Implementation Challenges
The practical implementation of AI-CARE in diverse environments and its integration with existing evaluation frameworks may pose challenges.
Data Availability
The availability and accuracy of data on energy consumption and carbon emissions for different ML models could be a limiting factor.
Expert Commentary
The article 'AI-CARE: Carbon-Aware Reporting Evaluation Metric for AI Models' presents a timely and relevant contribution to the field of machine learning, addressing the critical issue of environmental sustainability. The introduction of AI-CARE and the carbon-performance tradeoff curve represents a significant advancement in the evaluation of ML models, as it shifts the focus from single-objective metrics to a more holistic, multi-objective approach.
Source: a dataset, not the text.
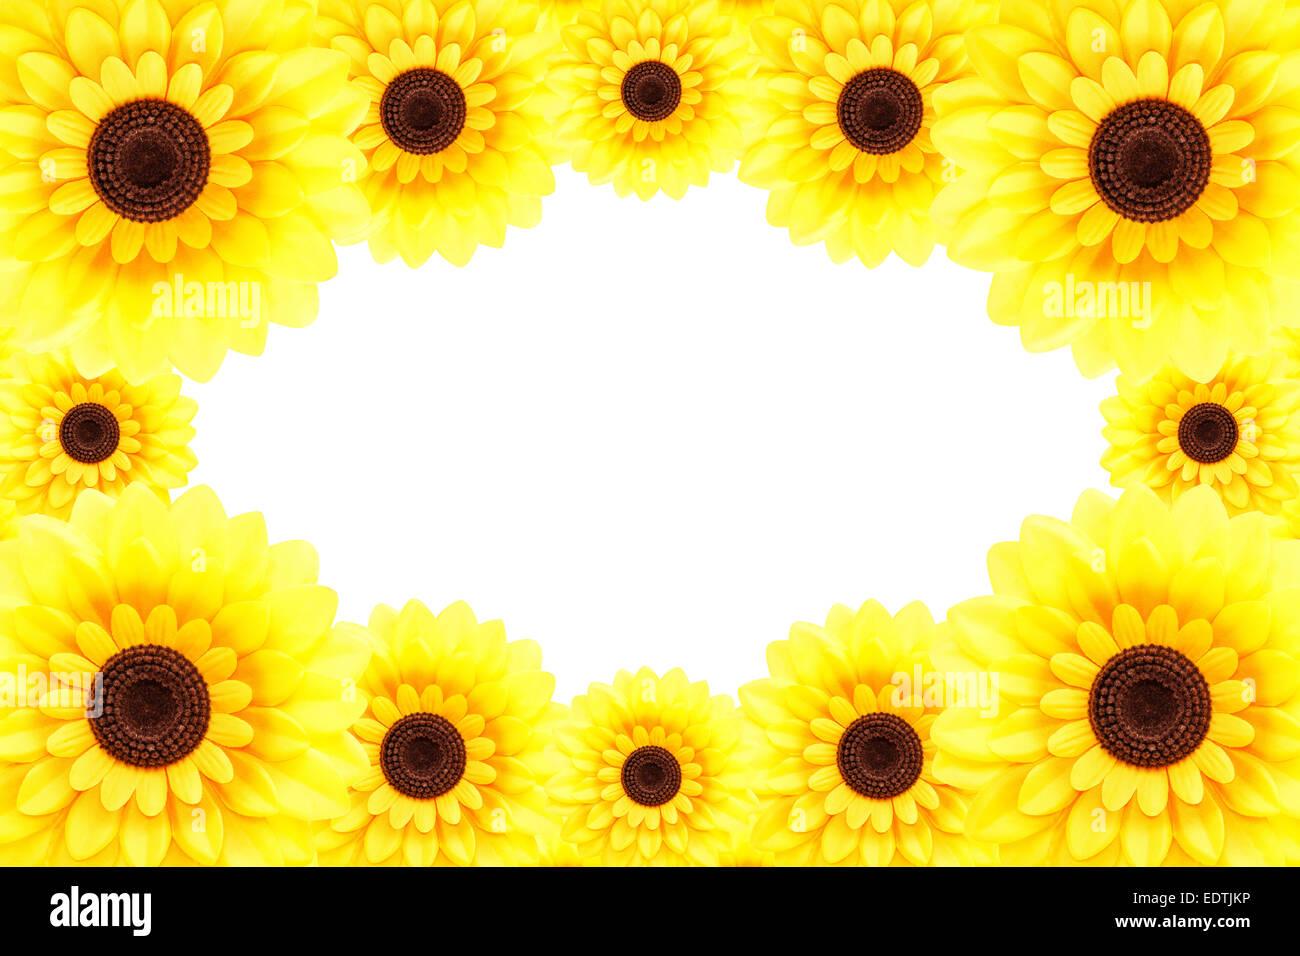 Sunflower frame Stock Photo: 77373514 - Alamy

The empirical validation on representative ML workloads provides strong evidence of the practical impact of carbon-aware benchmarking, demonstrating that it can change the relative ranking of models and encourage the development of more sustainable architectures. However, the study is not without its limitations. The scope of the research is somewhat limited, and the generalizability of the findings to all ML applications may be questioned. Additionally, the practical implementation of AI-CARE in diverse environments and its integration with existing evaluation frameworks may pose significant challenges. Despite these limitations, the article makes a compelling case for the adoption of carbon-aware benchmarking in both academic and industry settings. The alignment of ML progress with global sustainability goals is a crucial step towards ensuring that technological advancements do not come at the expense of the environment. The study also has important implications for policy, as it provides a framework for transparent reporting of energy consumption and carbon emissions, which could inform regulatory decisions and support the development of more sustainable AI technologies. Overall, the article is a valuable contribution to the field and sets a precedent for future research in carbon-aware evaluation and sustainable AI.
Recommendations
- ✓ Further research should explore the generalizability of AI-CARE to a broader range of ML applications and environments.
- ✓ Efforts should be made to integrate AI-CARE with existing evaluation frameworks to facilitate widespread adoption.